*DATA:*
-=-=-
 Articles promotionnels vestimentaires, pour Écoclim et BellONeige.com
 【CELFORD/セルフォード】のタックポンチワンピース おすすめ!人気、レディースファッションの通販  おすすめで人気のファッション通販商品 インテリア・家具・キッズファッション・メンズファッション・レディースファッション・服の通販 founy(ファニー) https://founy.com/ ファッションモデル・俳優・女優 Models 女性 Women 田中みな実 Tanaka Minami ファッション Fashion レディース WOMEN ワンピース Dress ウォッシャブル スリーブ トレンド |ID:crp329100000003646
-=-=-
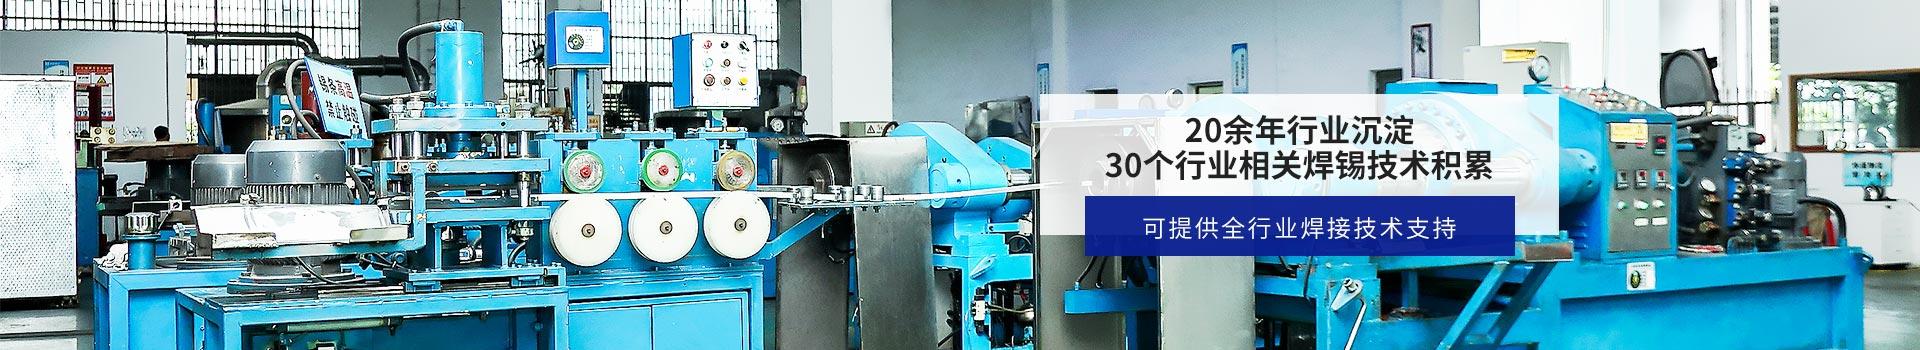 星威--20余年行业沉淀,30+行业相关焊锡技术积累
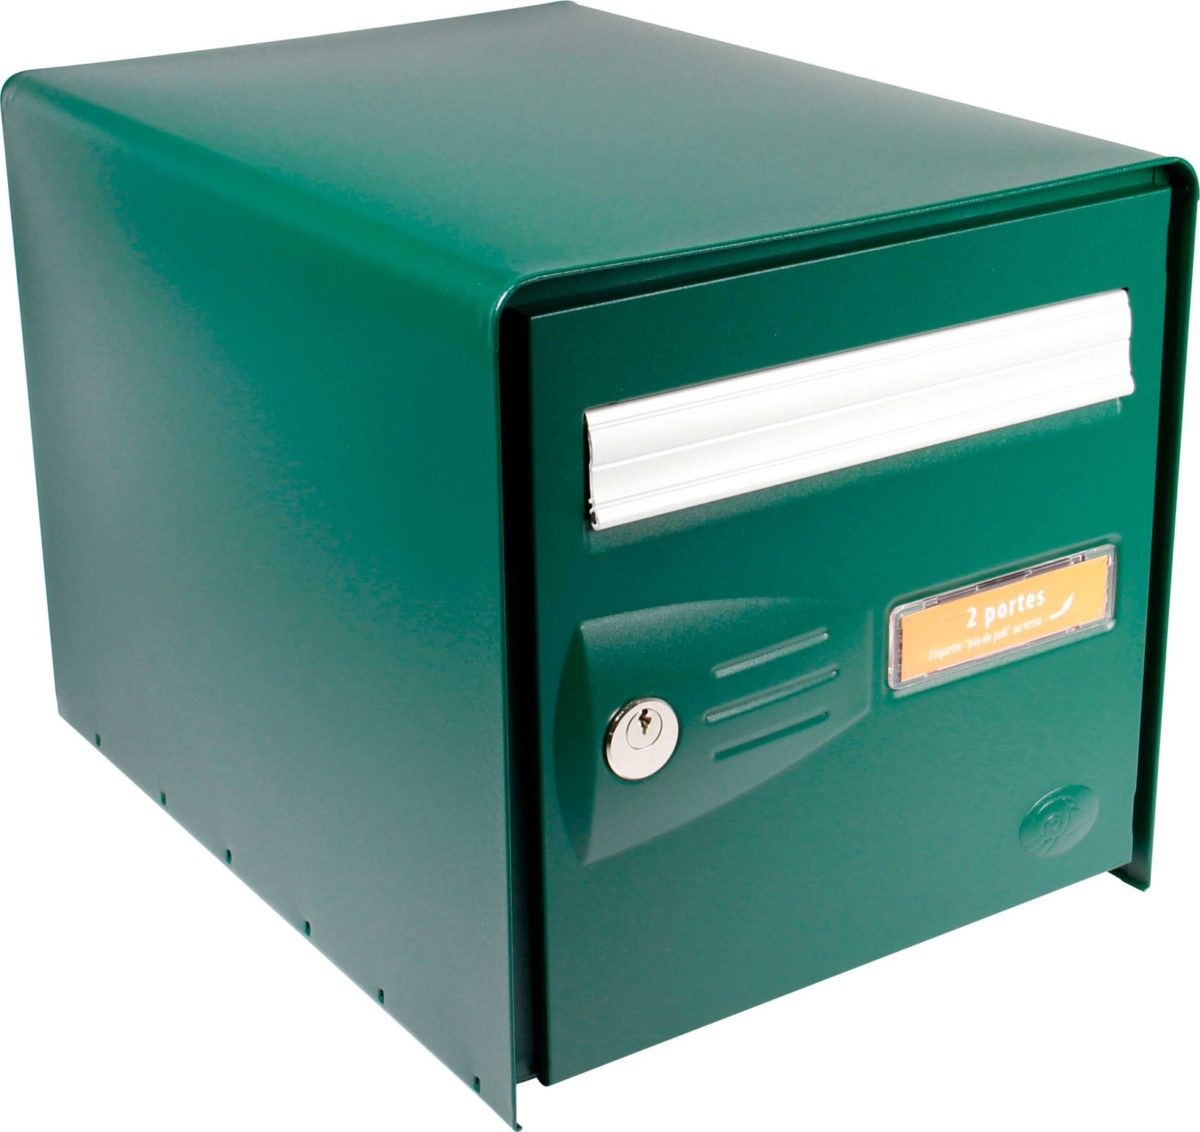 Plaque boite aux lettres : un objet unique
-=-=-
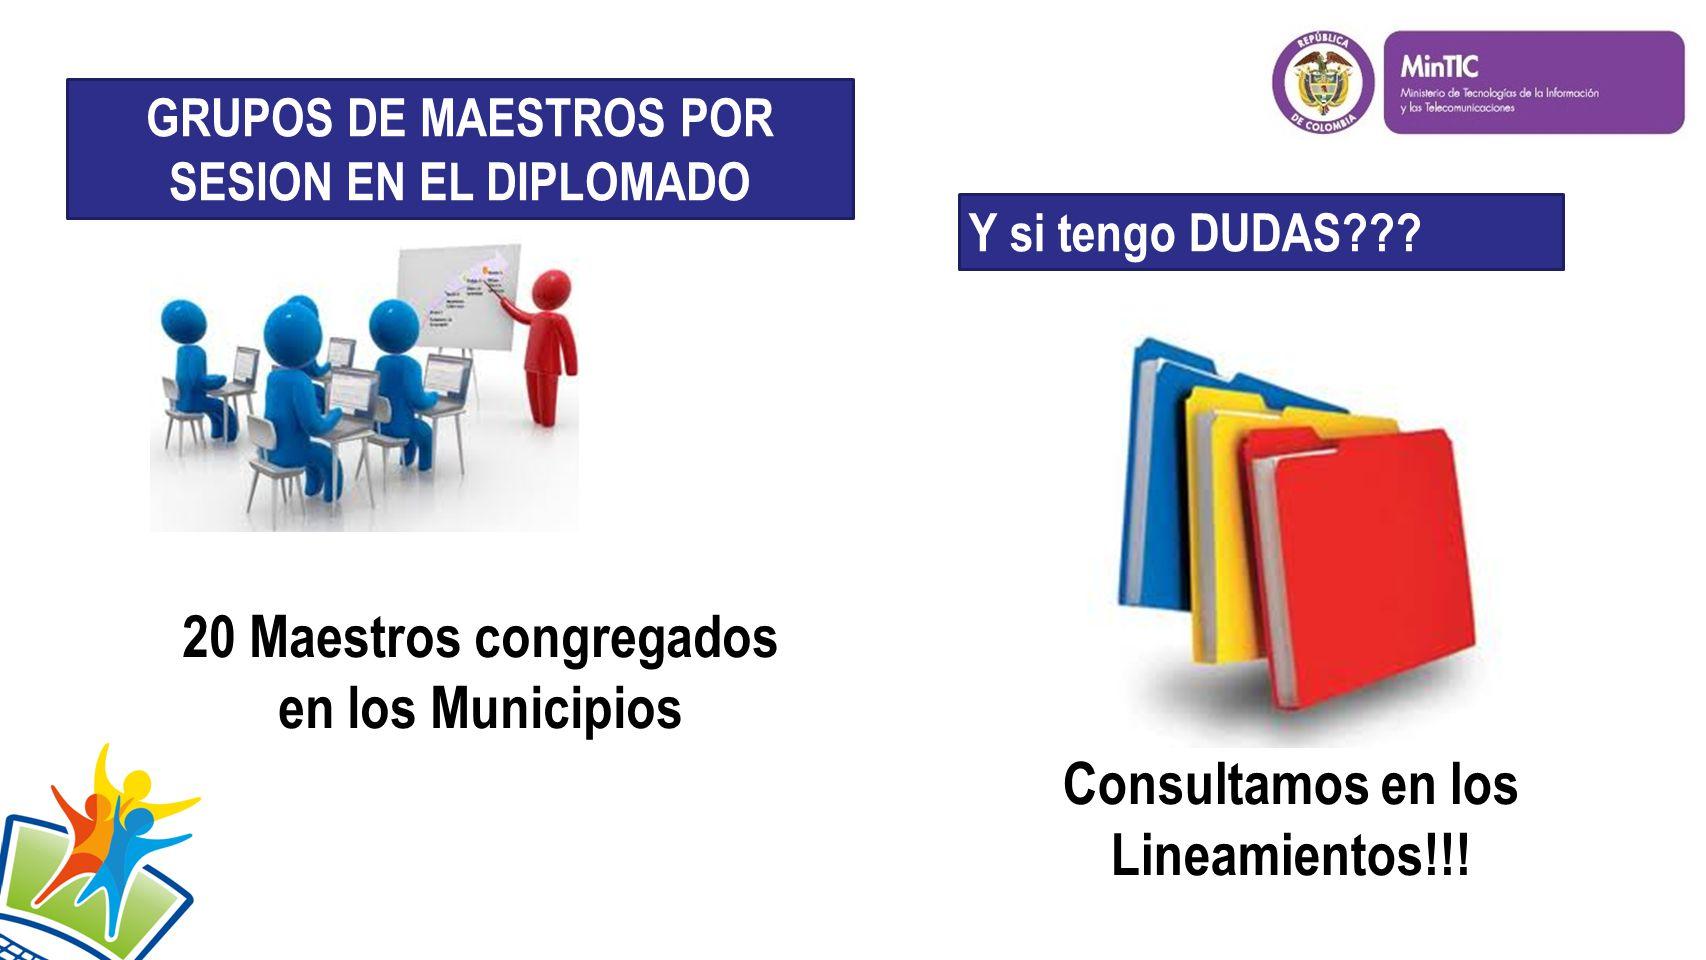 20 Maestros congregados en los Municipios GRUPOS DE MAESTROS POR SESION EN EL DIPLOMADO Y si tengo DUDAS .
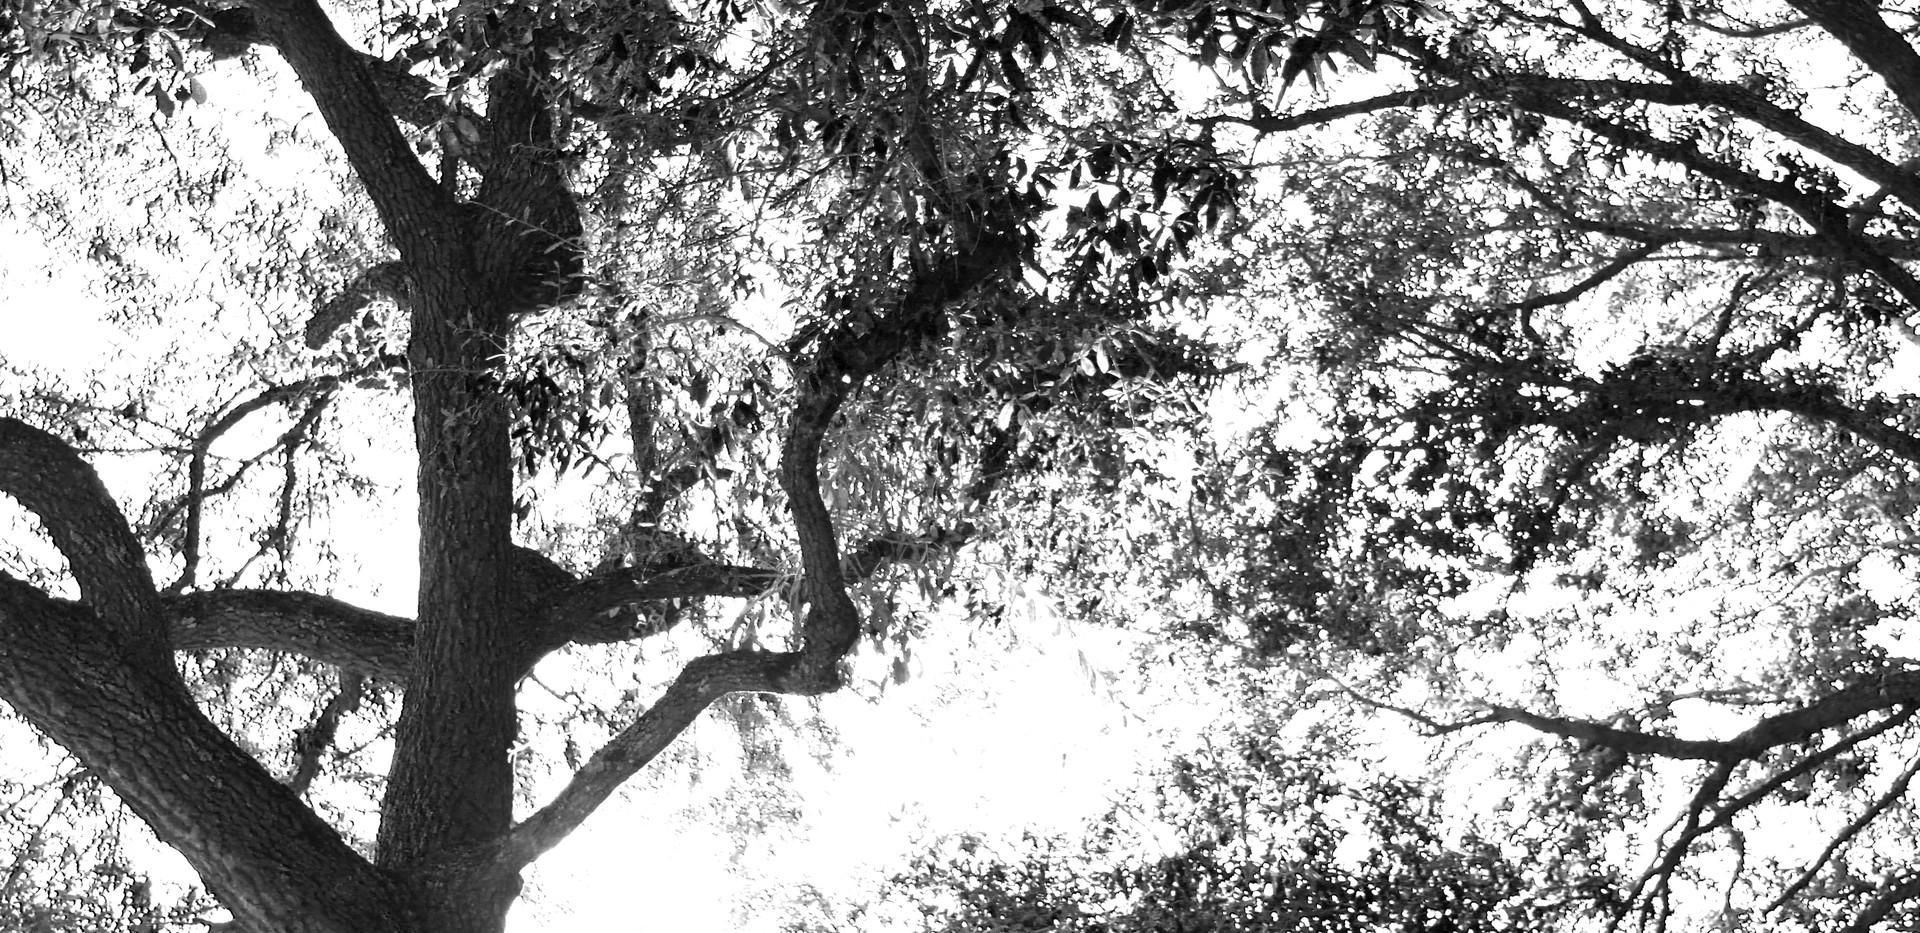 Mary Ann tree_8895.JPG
-=-=-
Search the listing above for the lines with "Articles promotionnels vestimentaires, pour" and "スリーブ トレンド |ID:crp329100000003646", then output those lines and all lines between them exactly.

*EXERCISE SOLUTION:*
 Articles promotionnels vestimentaires, pour Écoclim et BellONeige.com
 【CELFORD/セルフォード】のタックポンチワンピース おすすめ!人気、レディースファッションの通販  おすすめで人気のファッション通販商品 インテリア・家具・キッズファッション・メンズファッション・レディースファッション・服の通販 founy(ファニー) https://founy.com/ ファッションモデル・俳優・女優 Models 女性 Women 田中みな実 Tanaka Minami ファッション Fashion レディース WOMEN ワンピース Dress ウォッシャブル スリーブ トレンド |ID:crp329100000003646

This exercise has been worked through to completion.